An easy way to remember Euclid GCD algorithm: laying tiles

I was a little embarrassed that I’ve never came across Euclid’s GCD algorithm until years after I graduated with Math and Engineering degrees. The descriptions I’ve found online (especially Wikipedia) are convoluted and confusing, and the mechanical description of the algorithm does not shine light to any intuition. Then there comes proofs and abstract algebra properties that even after I followed the reasoning, I’d soon forget after I stop looking at it in a few weeks.

Just by staring at one simple description of the algorithm:

The classic algorithm for computing the GCD, known as Euclid’s algorithm, goes as follows: Let m and n be variables containing the two numbers, divide m by n. Save the divisor in m, and save the remainder in n. If n is 0, then stop: m contains the GCD. Otherwise repeat the process, starting with division of m by n.
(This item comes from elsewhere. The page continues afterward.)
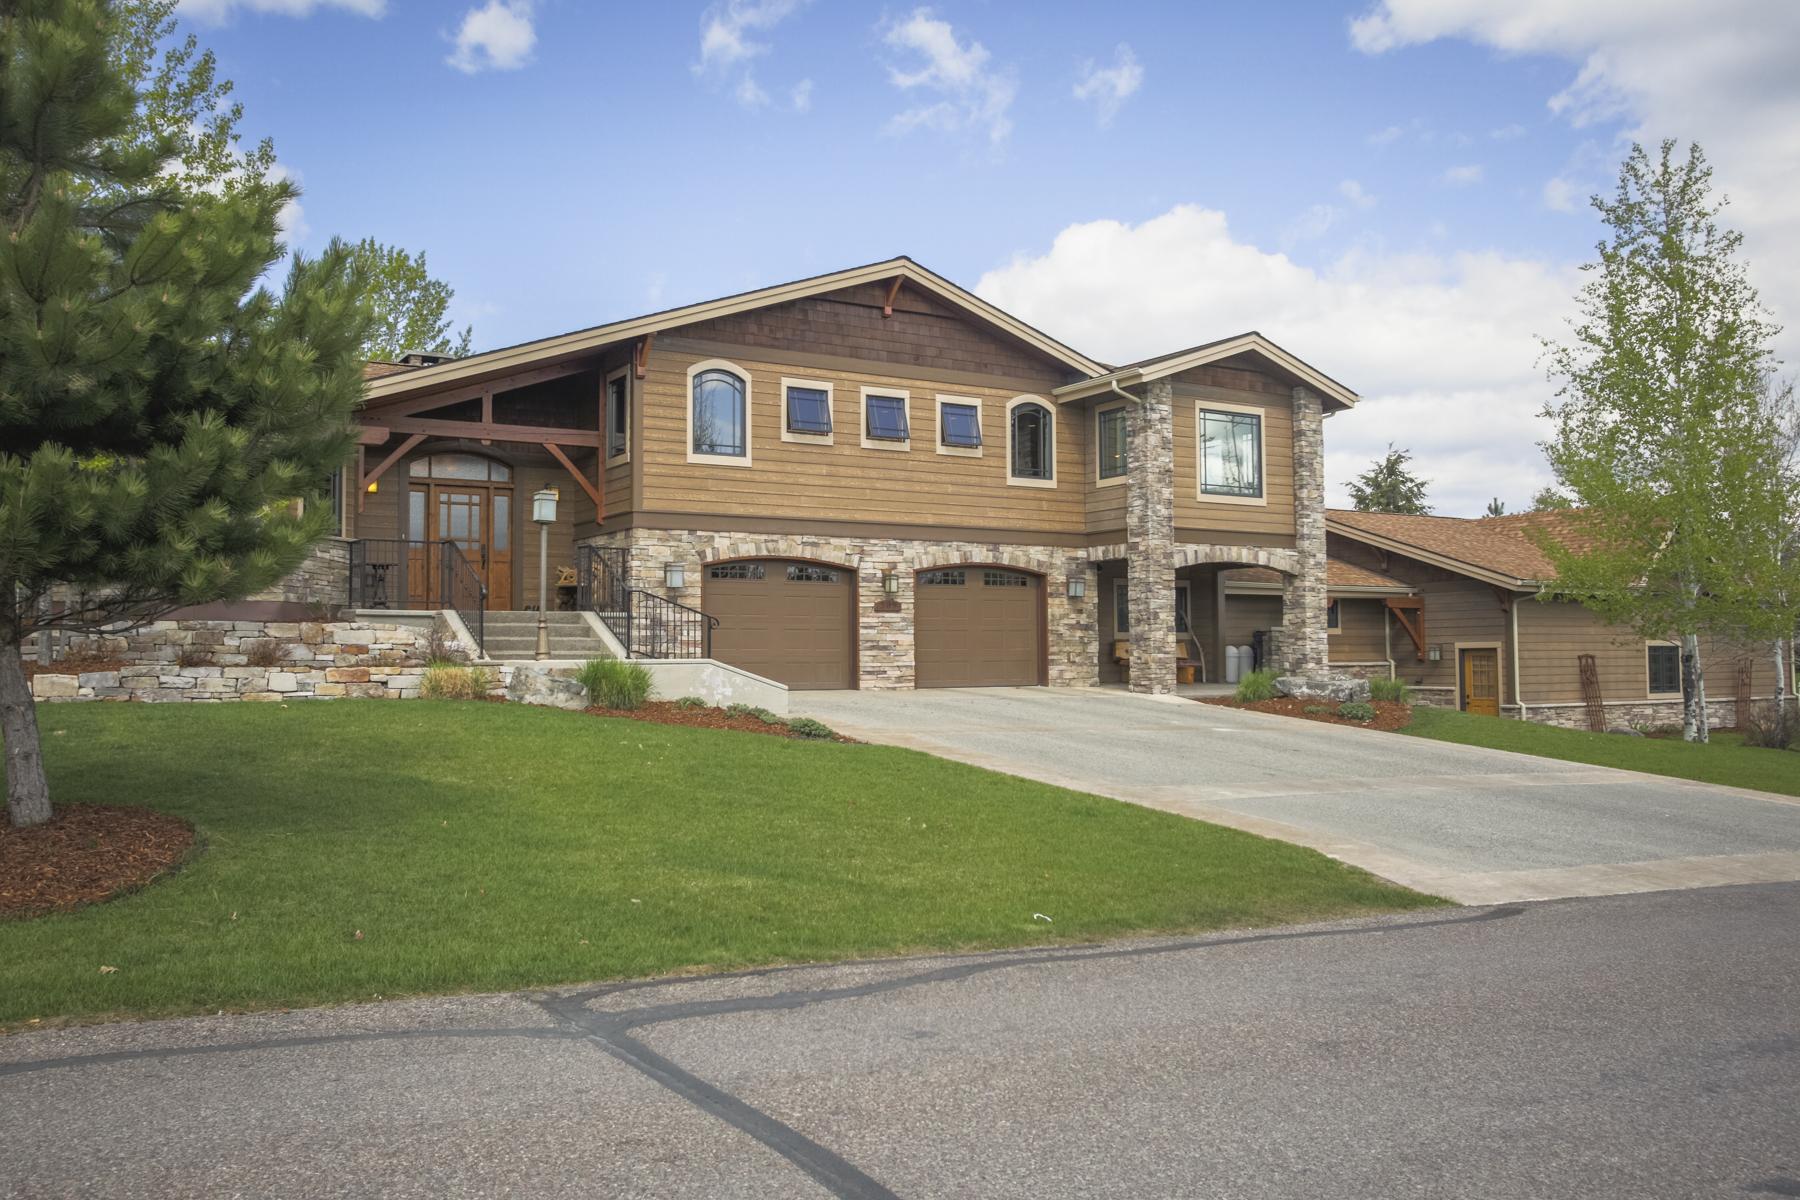 Casa Unifamiliar por un Venta en Whitefish Lake Golf Course Home 309 Fairway Dr Whitefish, Montana 59937 Estados Unidos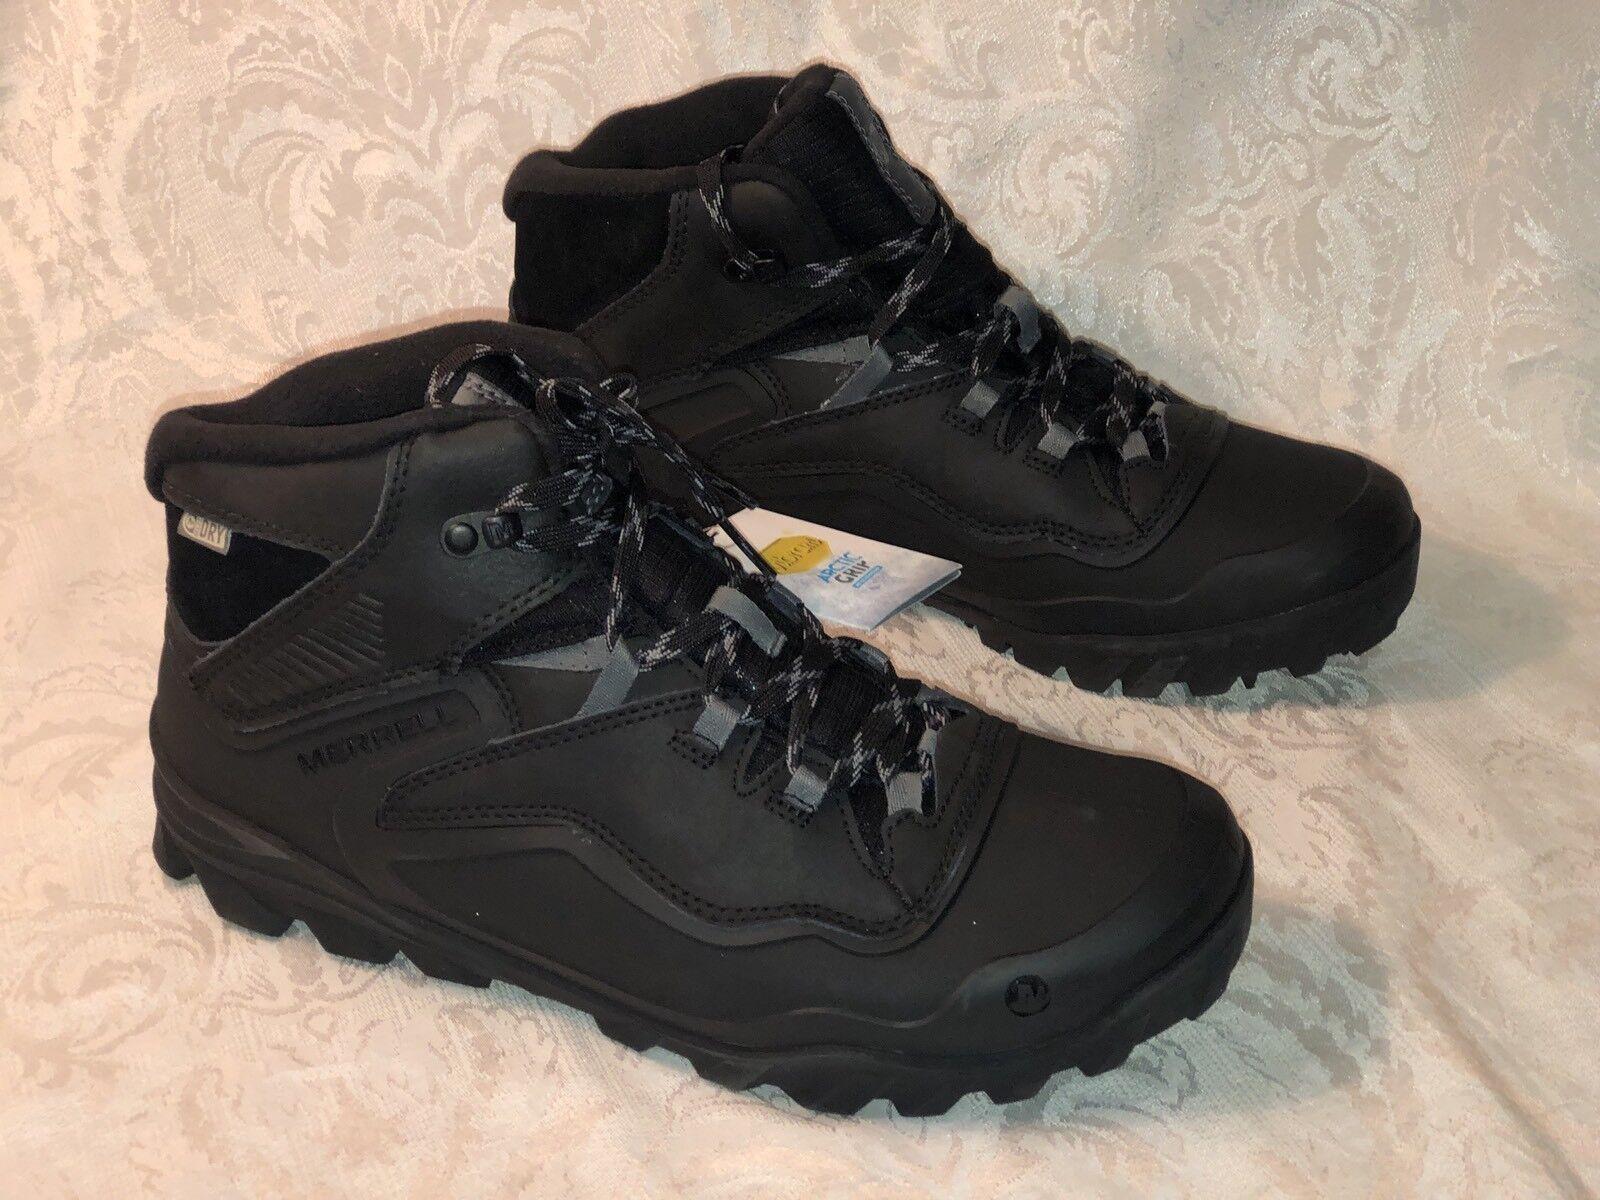 New Sz 9 Merrell Overlook 6 Ice+ Waterproof Winter Boots Black J37039 Men's

K.N. King’s C++ Programming (Chapter 6 Exercise 2)

I reversed engineered one line of reasoning how one could come up with the Euclid GCD on his own. Turns out there is one twist/angle that most traditional explanations glossed over: quotients do NOT matter and WHY it does NOT matter!

It goes back to what GCD(a,b) stands for: greatest common divisor. You are looking for the largest factor that simultaneously divides a and b evenly. If you rethink in terms of multiplication, you are finding the biggest tile size c that can simultaneously cover a and b without gaps:

Find c s.t. a = pc and b= qc where p,q are integers.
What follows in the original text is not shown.